Copy the data that follows exactly, and include none of its images.

Data Block Start

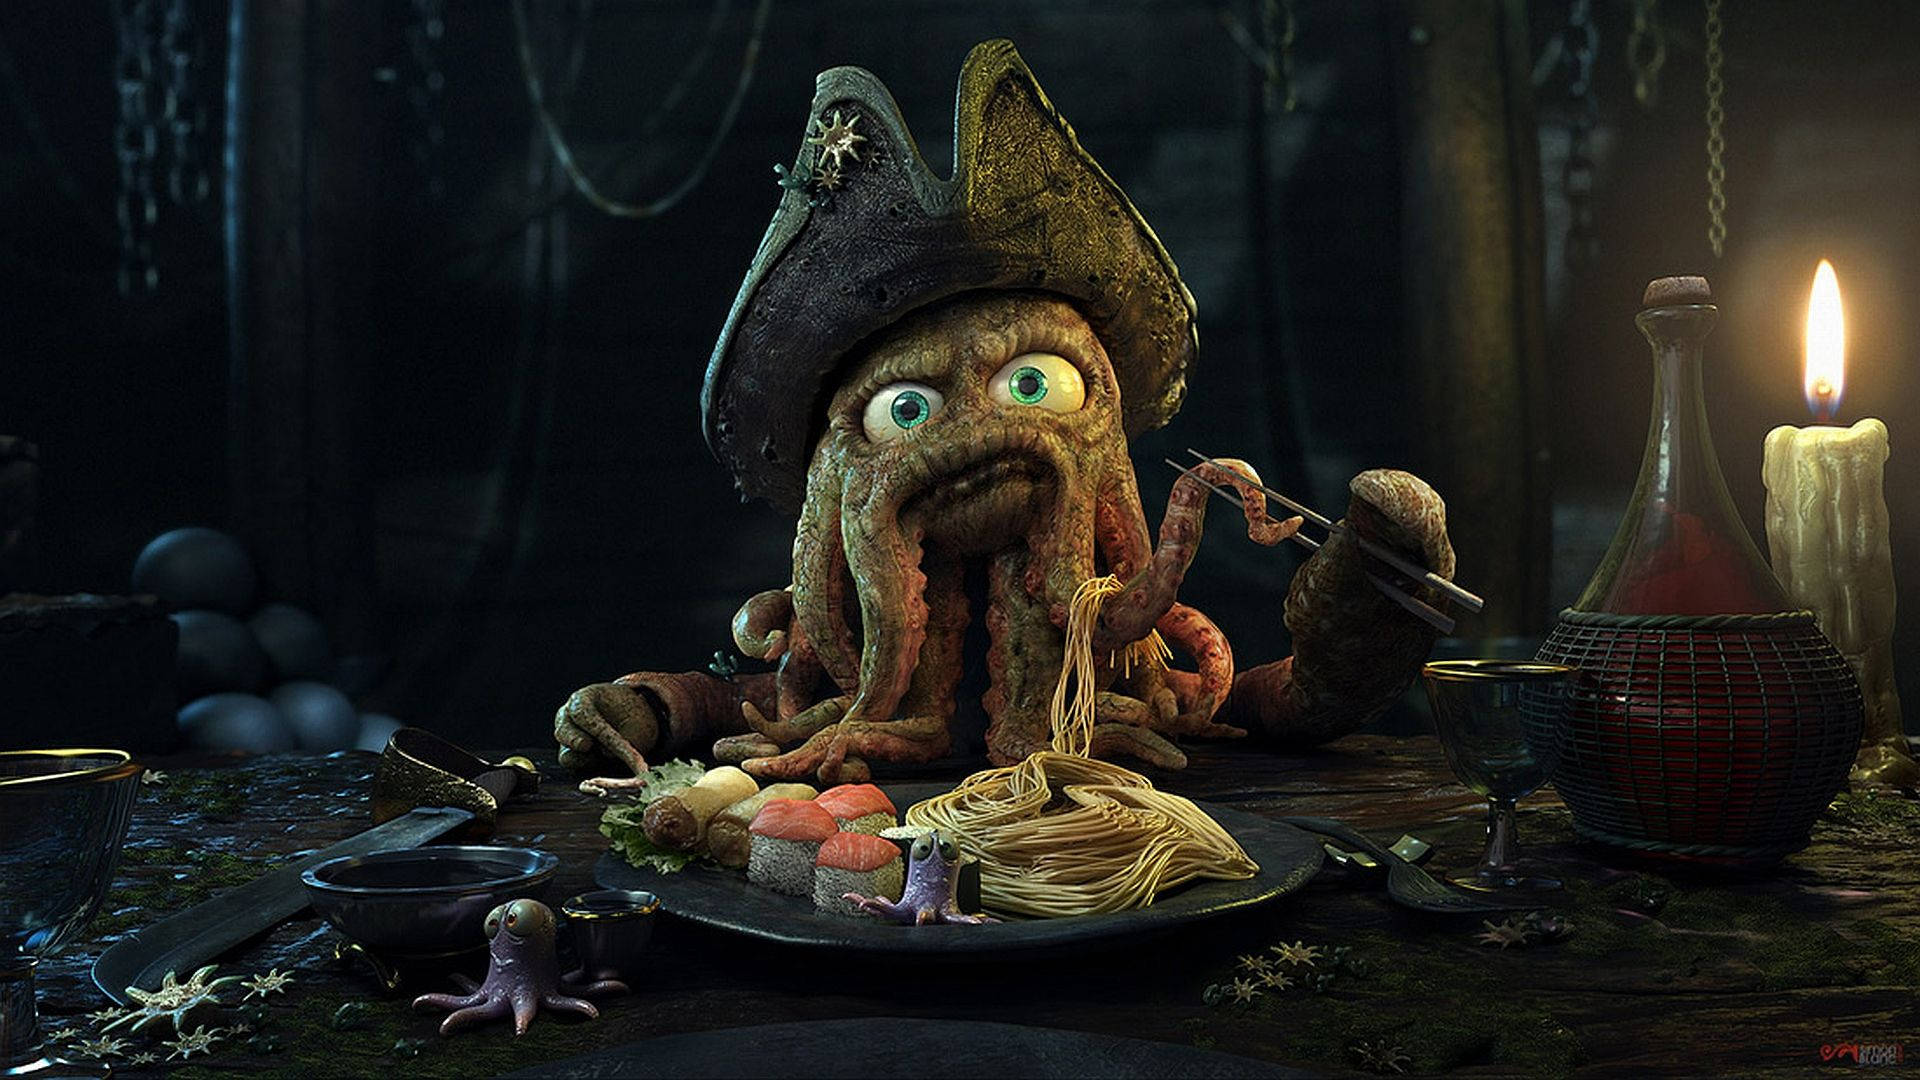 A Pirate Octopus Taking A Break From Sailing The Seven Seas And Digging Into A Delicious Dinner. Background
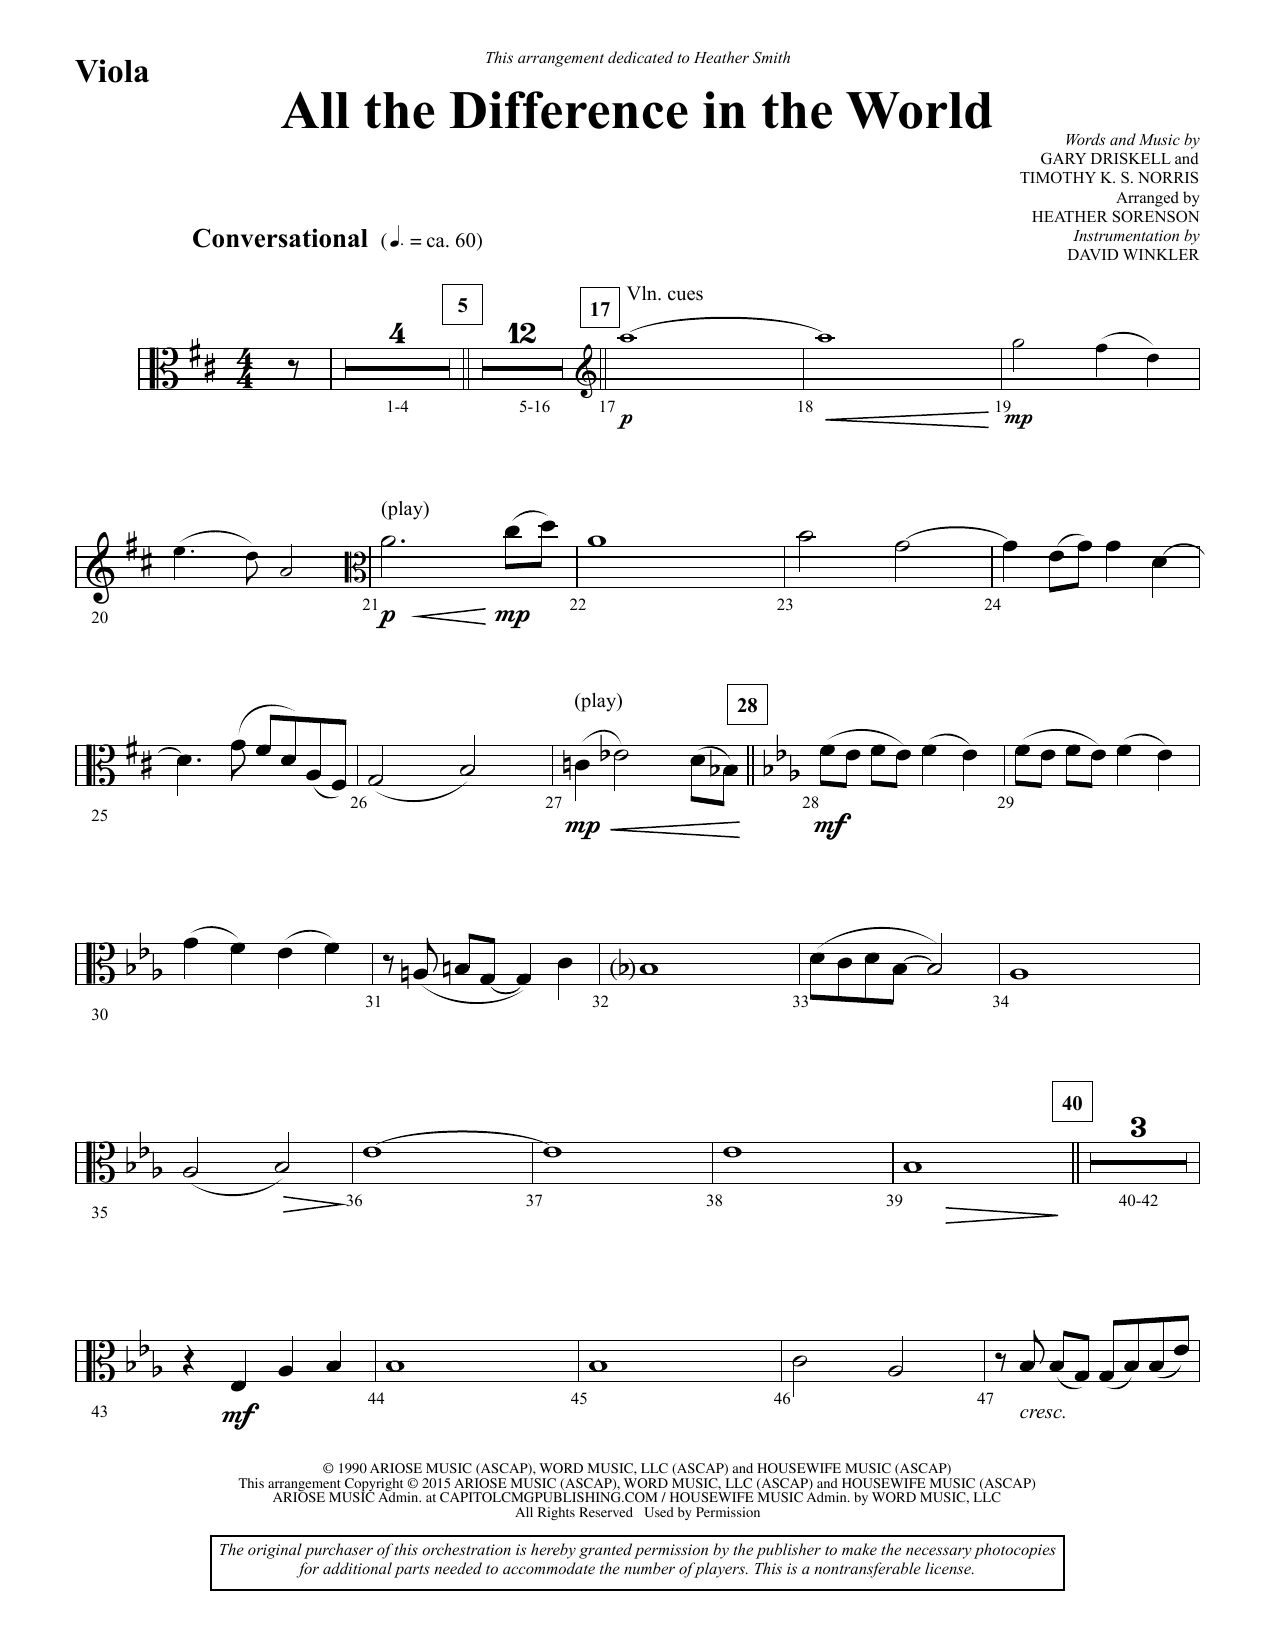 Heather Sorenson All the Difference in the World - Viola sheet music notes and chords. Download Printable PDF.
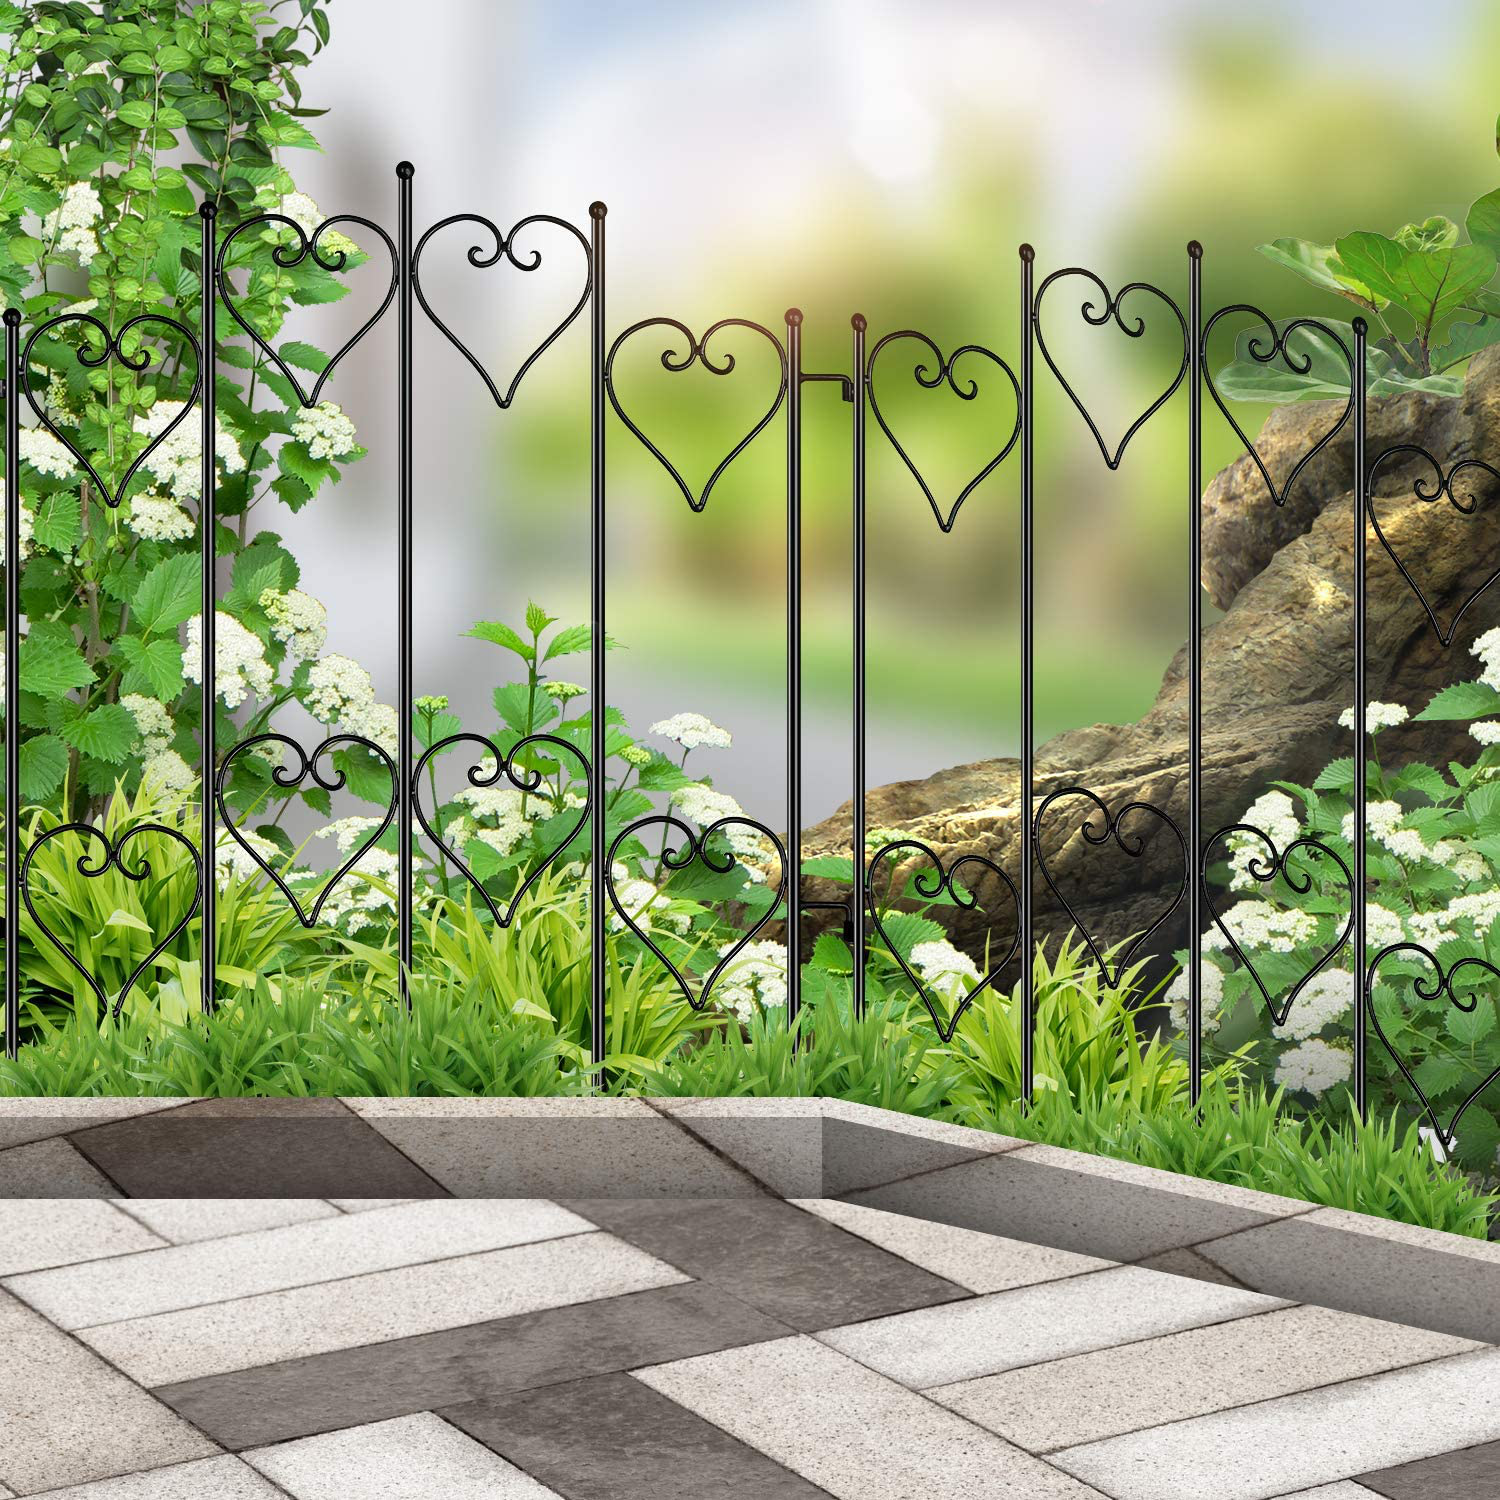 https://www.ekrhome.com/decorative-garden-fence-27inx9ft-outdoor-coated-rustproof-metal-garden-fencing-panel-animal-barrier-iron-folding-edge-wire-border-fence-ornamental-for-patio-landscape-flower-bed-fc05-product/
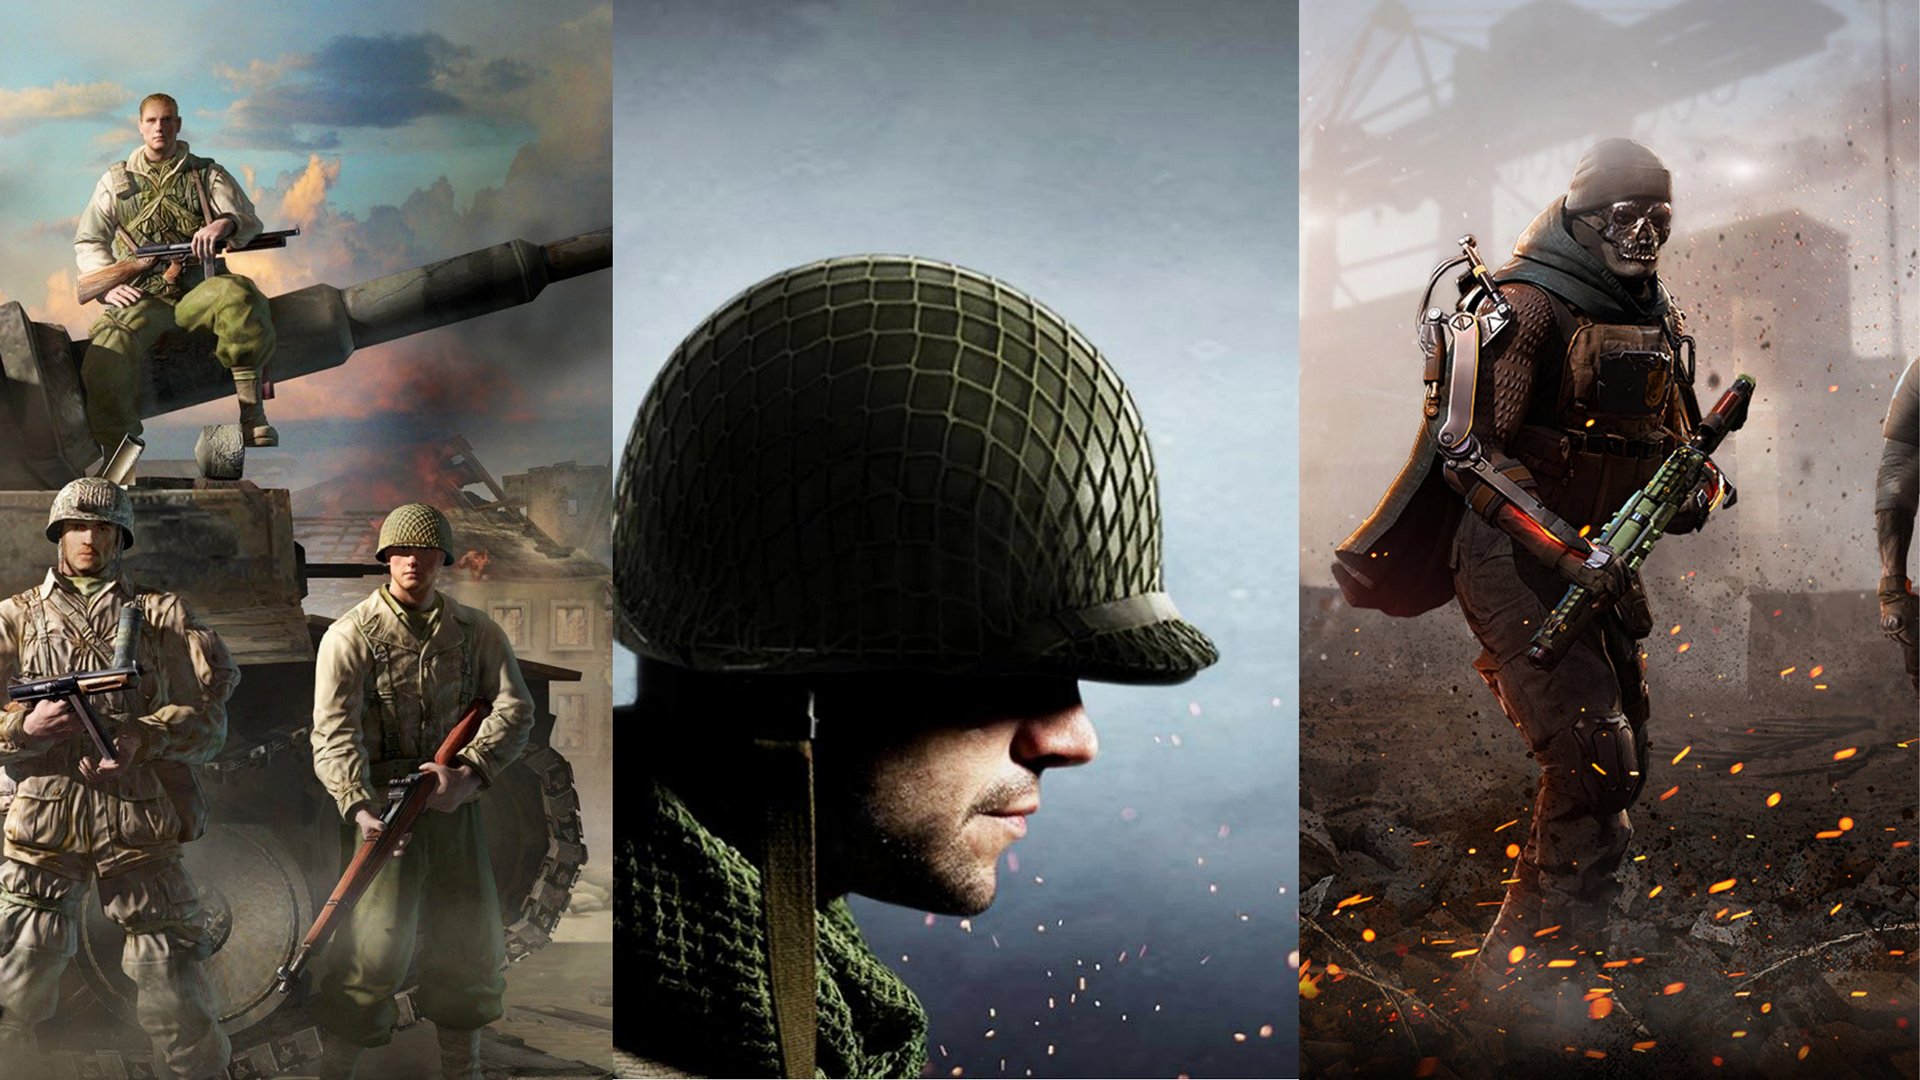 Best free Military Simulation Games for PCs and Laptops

Data Block End

## Written response
 A Pirate Octopus Taking A Break From Sailing The Seven Seas And Digging Into A Delicious Dinner. Background
 Heather Sorenson All the Difference in the World - Viola sheet music notes and chords. Download Printable PDF.
 https://www.ekrhome.com/decorative-garden-fence-27inx9ft-outdoor-coated-rustproof-metal-garden-fencing-panel-animal-barrier-iron-folding-edge-wire-border-fence-ornamental-for-patio-landscape-flower-bed-fc05-product/
 Best free Military Simulation Games for PCs and Laptops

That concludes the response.